• _TASK PROMPT_
In the records below, the lines from the one with "Золотое платье с" through the last are to be printed exactly, and nothing else.

═══

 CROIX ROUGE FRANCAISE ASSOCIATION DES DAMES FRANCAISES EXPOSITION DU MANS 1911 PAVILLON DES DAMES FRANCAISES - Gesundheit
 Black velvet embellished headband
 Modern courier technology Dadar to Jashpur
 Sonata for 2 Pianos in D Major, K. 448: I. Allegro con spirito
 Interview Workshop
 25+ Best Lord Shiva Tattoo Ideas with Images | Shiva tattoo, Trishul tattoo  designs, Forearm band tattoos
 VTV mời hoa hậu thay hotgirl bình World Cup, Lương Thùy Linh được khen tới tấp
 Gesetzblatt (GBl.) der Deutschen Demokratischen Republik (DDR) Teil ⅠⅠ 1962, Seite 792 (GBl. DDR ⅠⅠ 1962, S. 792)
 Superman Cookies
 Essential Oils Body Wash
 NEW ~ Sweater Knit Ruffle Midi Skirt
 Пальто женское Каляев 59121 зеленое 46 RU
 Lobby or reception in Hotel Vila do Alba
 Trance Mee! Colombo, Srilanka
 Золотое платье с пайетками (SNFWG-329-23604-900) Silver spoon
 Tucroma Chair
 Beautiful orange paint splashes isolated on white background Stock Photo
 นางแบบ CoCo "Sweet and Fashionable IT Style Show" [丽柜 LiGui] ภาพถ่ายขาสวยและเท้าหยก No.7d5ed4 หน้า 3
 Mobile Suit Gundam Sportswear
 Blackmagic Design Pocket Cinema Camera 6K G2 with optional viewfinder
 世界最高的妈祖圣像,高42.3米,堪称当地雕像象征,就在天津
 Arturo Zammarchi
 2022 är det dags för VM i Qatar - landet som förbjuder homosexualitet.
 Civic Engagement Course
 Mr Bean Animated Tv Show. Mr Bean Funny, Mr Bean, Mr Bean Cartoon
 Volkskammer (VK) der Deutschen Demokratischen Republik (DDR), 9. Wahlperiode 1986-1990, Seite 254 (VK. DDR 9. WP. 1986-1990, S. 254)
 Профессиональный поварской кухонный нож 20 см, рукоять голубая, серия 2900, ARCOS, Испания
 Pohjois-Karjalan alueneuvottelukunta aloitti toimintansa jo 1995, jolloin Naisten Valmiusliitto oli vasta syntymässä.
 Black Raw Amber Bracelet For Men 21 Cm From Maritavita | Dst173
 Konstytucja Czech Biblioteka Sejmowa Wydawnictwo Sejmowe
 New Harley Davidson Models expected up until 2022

═══

• _ANSWER SPACE_
 Золотое платье с пайетками (SNFWG-329-23604-900) Silver spoon
 Tucroma Chair
 Beautiful orange paint splashes isolated on white background Stock Photo
 นางแบบ CoCo "Sweet and Fashionable IT Style Show" [丽柜 LiGui] ภาพถ่ายขาสวยและเท้าหยก No.7d5ed4 หน้า 3
 Mobile Suit Gundam Sportswear
 Blackmagic Design Pocket Cinema Camera 6K G2 with optional viewfinder
 世界最高的妈祖圣像,高42.3米,堪称当地雕像象征,就在天津
 Arturo Zammarchi
 2022 är det dags för VM i Qatar - landet som förbjuder homosexualitet.
 Civic Engagement Course
 Mr Bean Animated Tv Show. Mr Bean Funny, Mr Bean, Mr Bean Cartoon
 Volkskammer (VK) der Deutschen Demokratischen Republik (DDR), 9. Wahlperiode 1986-1990, Seite 254 (VK. DDR 9. WP. 1986-1990, S. 254)
 Профессиональный поварской кухонный нож 20 см, рукоять голубая, серия 2900, ARCOS, Испания
 Pohjois-Karjalan alueneuvottelukunta aloitti toimintansa jo 1995, jolloin Naisten Valmiusliitto oli vasta syntymässä.
 Black Raw Amber Bracelet For Men 21 Cm From Maritavita | Dst173
 Konstytucja Czech Biblioteka Sejmowa Wydawnictwo Sejmowe
 New Harley Davidson Models expected up until 2022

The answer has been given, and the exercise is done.